First of all, I'd encourage you to read about how to correctly model your data in PowerBI. There are many resources on the web as well as books. If you don't do it, you'll be solving problems that should not exist in a model in the first place, wasting time and effort. Secondly, you should know that in tabular models columns should have a small number of unique values and the data type should be adequate as well. Neglecting these simple rules will lead to disasters later on. I can see that YEAR_SEMESTER2 is stored as a decimal number. This is BAD, VERY BAD. You should store it as text. This, after all, is not a metric but an attribute in a time dimension. Thirdly, the column names... Really? You really want to have an attribute that's called DIMENSION_1? I would change the names to something meaningful and user-friendly.
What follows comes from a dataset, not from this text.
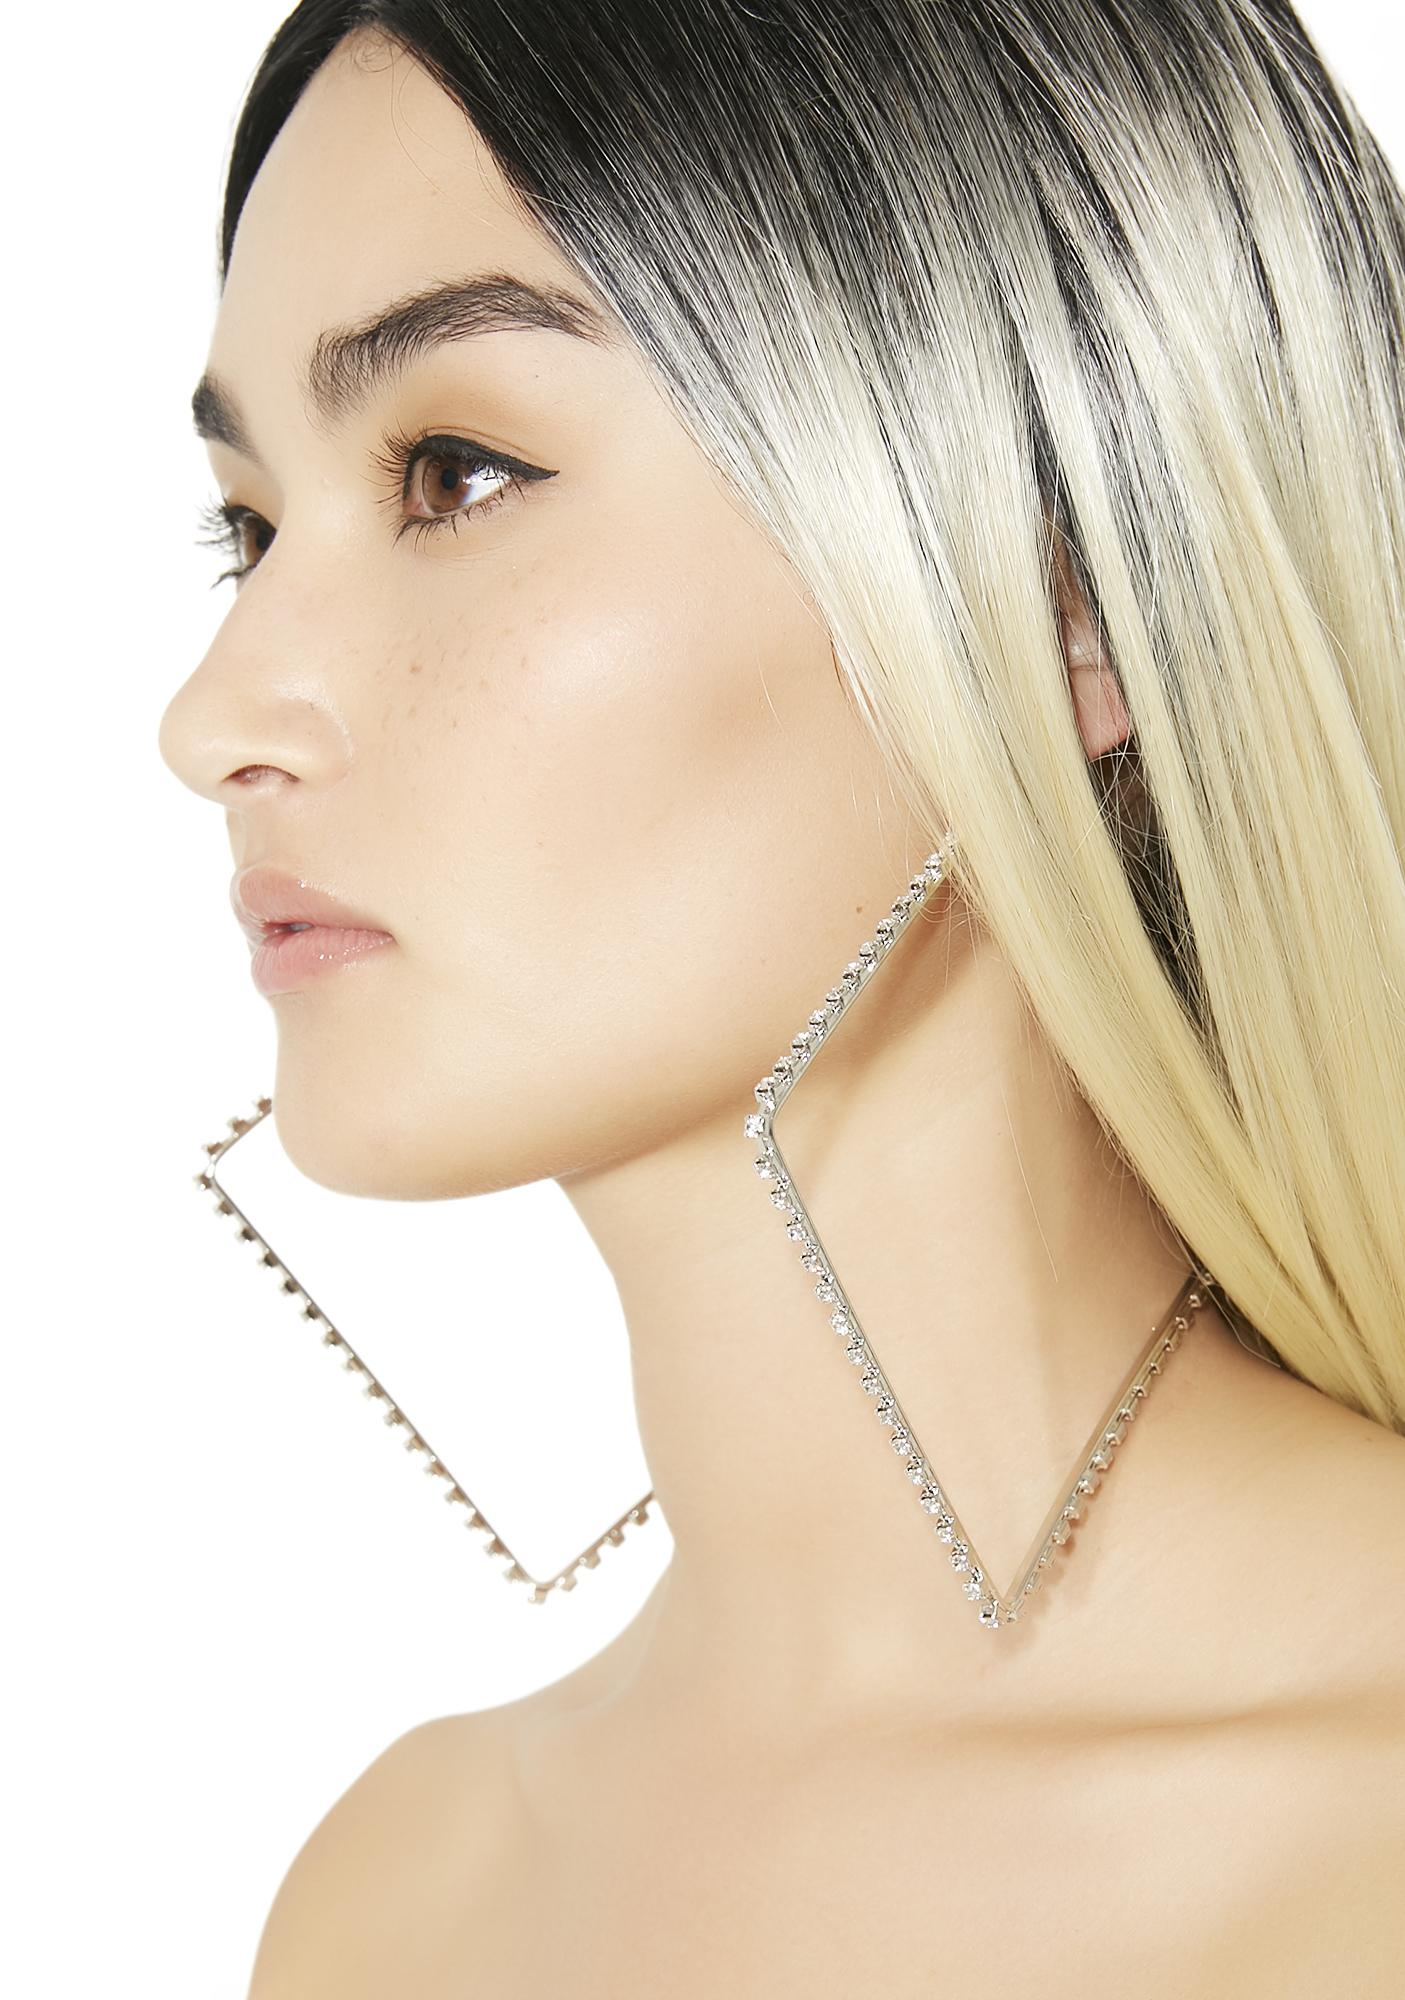 Xtravaganza Rhinestone Hoop Earrings

After all, when one looks at a model one should have at least a rough understanding of what individual entities/attributes mean.

 

And lastly, you should number your semesters consecutively so that it's easy to move back and forth in time across semesters. So, you should have a column that maps YEAR_SEMESTER2 to consecutive integers, min(YEAR_SEMESTER2)=0,1,2,...,n-1=max(YEAR_SEMESTER2). Please, do not store YEAR_SEMESTER2 as a decimal.

 

[Growth] :=
var currentScore = Table[SCORE_3]
-- You have to have a SemesterNumber column
-- as explained above. 
var currentSemester = Table[SemesterNumber]
var currentDimension = Table[DIMENSION_1]
var currentTopic = Table[Topic]
var currentStkey = Table[STKEY]
var prevScore =
	-- If this does not return just one number,
	-- then you have to check the consistency 
	-- of your table or change the logic.
	CALCULATE( 
		VALUES( Table[SCORE_3] ),
		Table[SemesterNumber] = currentSemester - 1,
		Table[DIMENSION_1] = currentDimension,
		Table[Topic] = currentTopic,
		Table[STKEY] = currentStkey
	)
return
	currentScore - prevScore

If you want to know about DAX, which I can assure you is like nothing you've seen in your life so far, the best source is www.sqlbi.com and book by The Italians (you'll meet them soon enough).